Experimental and numerical studies have been performed to determine the soot refractive index in methane turbulent diffusion flames with two oxidizers: air and oxygen. In the flame zone, soot particles were sampled with a cooled probe. Measurements of optical soot properties have been carried out to obtain extinction and vertical-vertical (90degrees) scattering coefficients. The size distributions were obtained by electrical mobility analysis. Using these distributions, the optic-at properties have been computed with the Rayleigh-Debye-Gans theory for fractal aggregates by considering the morphology of soot aggregates and using morphological parameter values based on literature reports for other similar systems.
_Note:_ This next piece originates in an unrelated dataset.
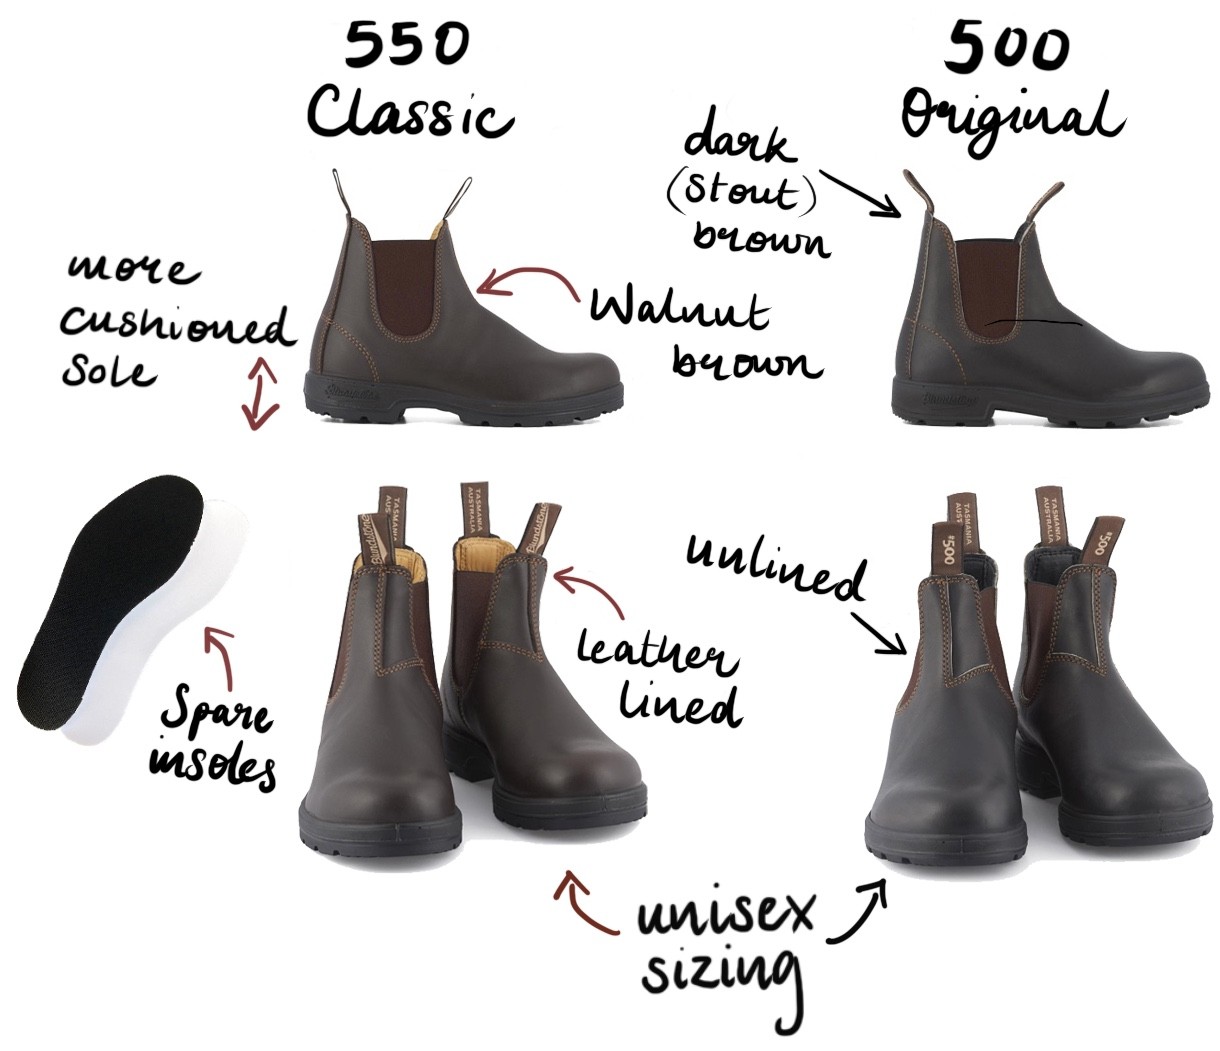 Are Blundstone 1306 As Good As 550? - Shoe Effect

Then, the refractive index has been obtained from a numerical inversion method by matching the measured and computed optical coefficients. This refractive index determination method is new to our knowledge. In turbulent diffusion methane oxygen flames the soot refractive index averaged value found is m = 1.95 (+/-0.13) - 0.51i (+/-0.12), and in the air flame m = 2.10(+/-0.12) - 0.48i(+/-0.06). In view of the uncertainties, the refractive index is independent of the oxidizer type, the aerodynamic conditions and the flame zone location for the sampling. A sensitivity analysis has been carried out to study the influence of Some morphological and experimental parameters on the refractive index value.